Of course Africa needs a bit of a different mind set. Going out for a quick coffee is impossible. The quickest is probably half an hour. Checking out from the hotel took us nearly an hour. And when I asked why I had to pay for the room, when the embassy booked the room, they did not have a clue what I meant, even though we got the special rate that the embassy has. So they asked me where we lived, as we couldn’t answer that question, we just paid the bill and I will claim it at the embassy. Luckily the hotel does accept credit cards, even though that adds another 10-20 minutes to the whole procedure.
This weekend we had a car from the embassy. Friday night (night used loosely as it started at 17.00 and ended 21.00) we had a birthday party of two colleagues. From there we took over an embassy car from the temporary colleague who doesn’t need it in the weekend. He parked the car on a hill, so I had to reverse this huge Toyota pick up in the dark. When we finally moved forward it made a lot of noise and hardly went forward. So close to the residence of the American ambassador we stopped and found out it was in ‘low gear’. We could have chosen a better place to stop, but as mzungu (whitey) in a CD car, you can get away with almost anything. For example when you change money in the bank you get automatically pushed in front of the queue, whether you want or not. Differences between the ‘haves’ and ‘have-nots’ are big, and it takes a lot of getting used to having servants everywhere. The houses of ‘people like us’ all have guards, standard procedure is that you drive up to the gate and horn, the guard will then open the gate. As far as I’m aware houses don’t have house numbers, and street names are often not displayed, you just have to know where people live. Today (Sunday) we went to a childrens-party, every occasion is turned into a party here. The instructions where: A vague map with instructions “the third (green) gate on the left after the ‘Papyrus’”.
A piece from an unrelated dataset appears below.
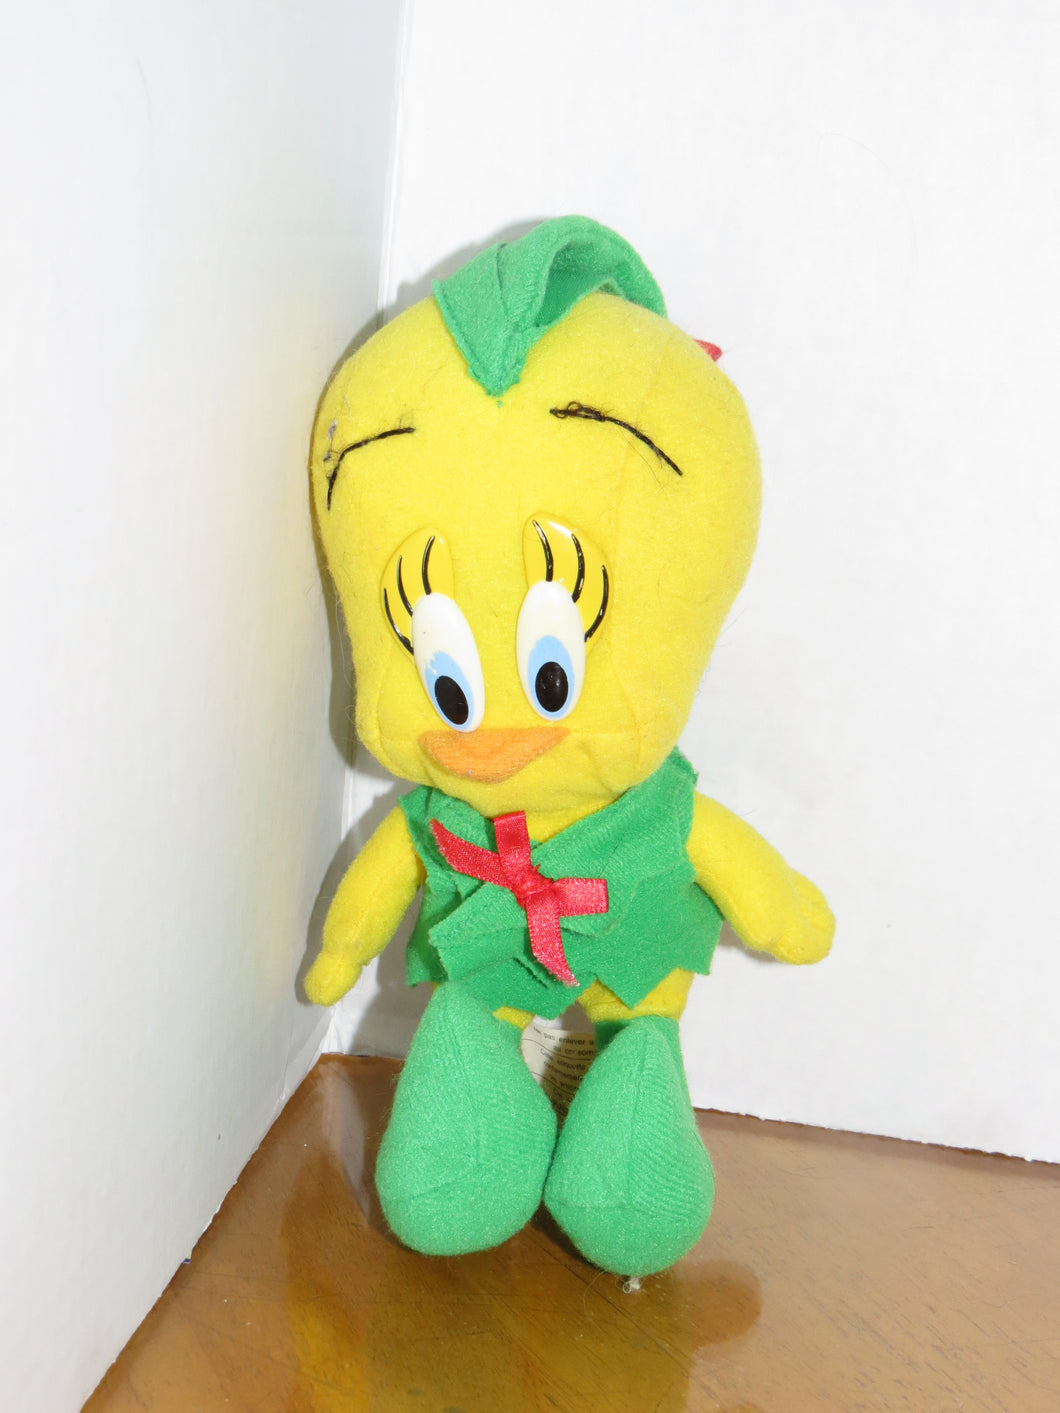 1992 McDonalds Warner Bros. LOONEY TUNES - TWEETY stuffed doll 8''tall

The public transport is much like elsewhere in Africa; minibuses with their routes painted on the front and back. In addition to that there are here also motorbikes with green helmets, one for the driver and one for the passenger. Needless to say these are a bit less safe than the car taxis. Saturday we went shopping for supplies for our apartment. To our own surprise we found the shopping centre someone recommended to us. It was clearly not for the lower class, therefore also a high rate of whites present. The coffee place had very good coffee and free internet if you bring your laptop, so half the tables where occupied with laptops. Internet is per definition slow here, but you get used to it.